I was looking for a straightforward answer to the question and most proofs and theorems I saw got too abstract or ended up using rational canonical forms or Jordan blocks and all. But can we not prove the statement:
The minimal and characteristic polynomial of a matrix coincide iff the set $\{I,A,A^2,...,A^{n-1}\}$ are linearly independent.
using just Caylely-Hamilton?
Here is an attempt:
Let $A : \mathbb{R}^n \to \mathbb{R}^n$ be a linear operator and let $p(A) = \sum \limits_{i=0}^{n} c_i A^i$ be its characteristic polynomial. By Cayley-Hamilton we know $p(A) =0$. Assume the set $\{I, A^2, A^3, \dots ,A^{n-1}\}$ is linearly dependent. Then by definition $\sum \limits_{i=0}^{n-1} \alpha_i A^i =0$ where not all $\alpha_i $ are zero. Without loss of generality re-write the expression as $A^k = \sum \limits_{i=0}^{k-1} \beta _i A^i$ where $k < n$ is the highest power of $A$ with a nonzero $\alpha_i$. Then every term in $p(A) =0$ of order $j\geqslant k$ can be replaced with a polynomial of order $j-1$ since $${{A}^{k+1}}=A{{A}^{k}}=A\sum\limits_{i=0}^{k-1}{{{\beta }_{i}}{{A}^{i}}}=\sum\limits_{i=0}^{k-1}{{{\beta }_{i}}{{A}^{i+1}}=\sum\limits_{i=1}^{k}{{{\beta }_{i-1}}{{A}^{i}}}}$$ In particular it applies to the highest order term. Therefore there exists $q(A) = 0$ such that $\deg (q) < \deg(p) $ and therefore $p(A)$ cannot be the minimal polynomial.
That completes one direction.

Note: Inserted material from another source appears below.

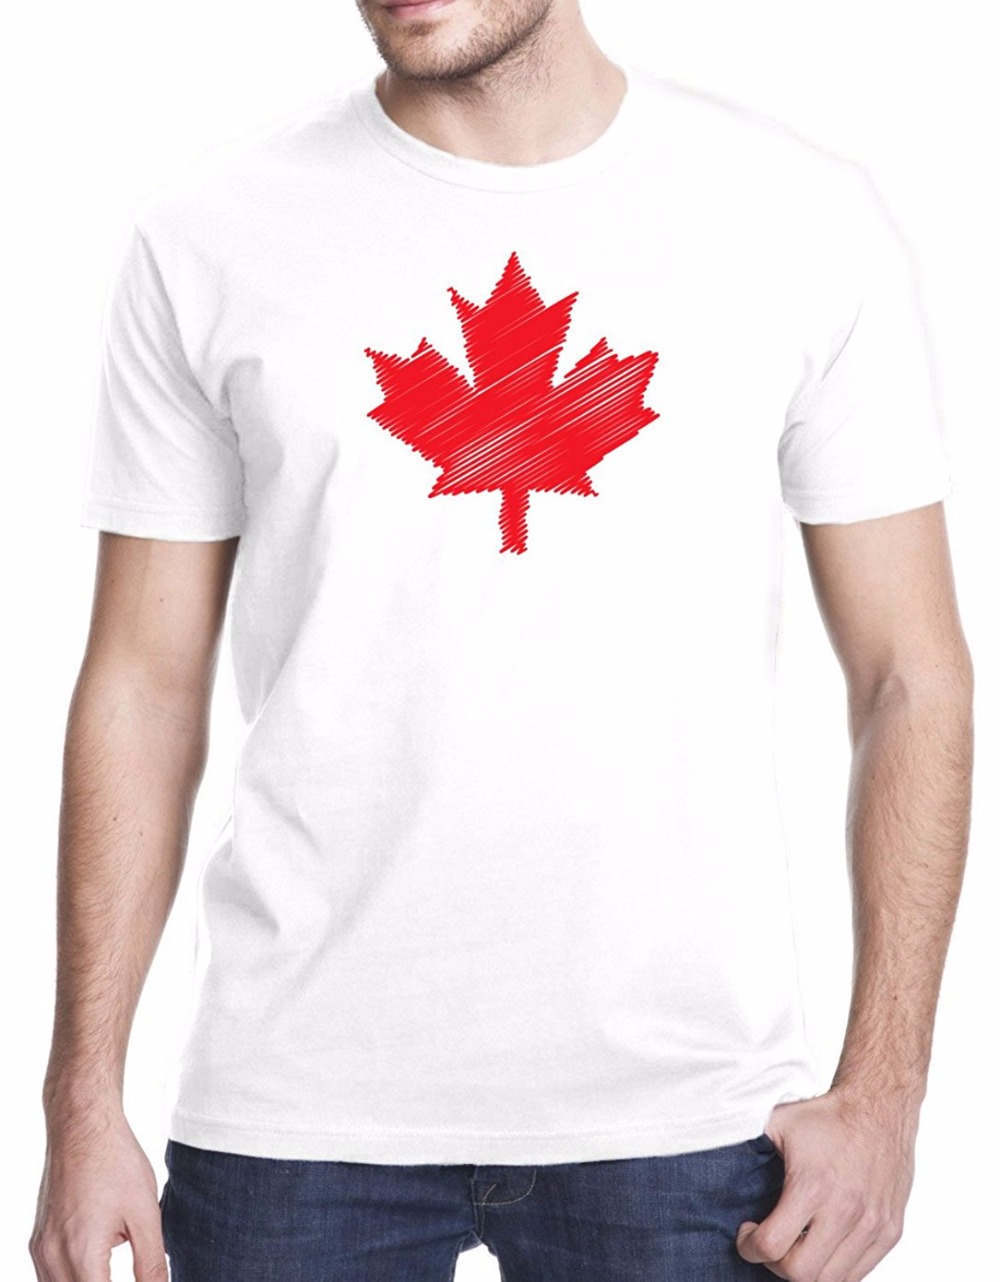 Shirt design canada - 2017 Hip Hop Novelty T Shirts Men S Brand Clothing Canada Maple Leaf Scribble Design Men S O

We showed not linearly independent implies not the same polynomial.
In the other direction, assume that $p(A)\ne q(A)$. Then necessarily, $\deg (q) < n = \deg (p)$. Then by the definition of the minimal polynomial $q\left( A \right) = \sum\limits_{j = 0}^k {{c_j}} {A^k} = 0$ for some $k<n$. But this means that there exists a non-trivial linear combination of $A,..,A^k$ that sums to zero and therefore $\{I,A,A^2,...,A^{n-1}\}$ cannot be linearly independent.
Is the proof correct? My second direction felt like I just re-wrote the first?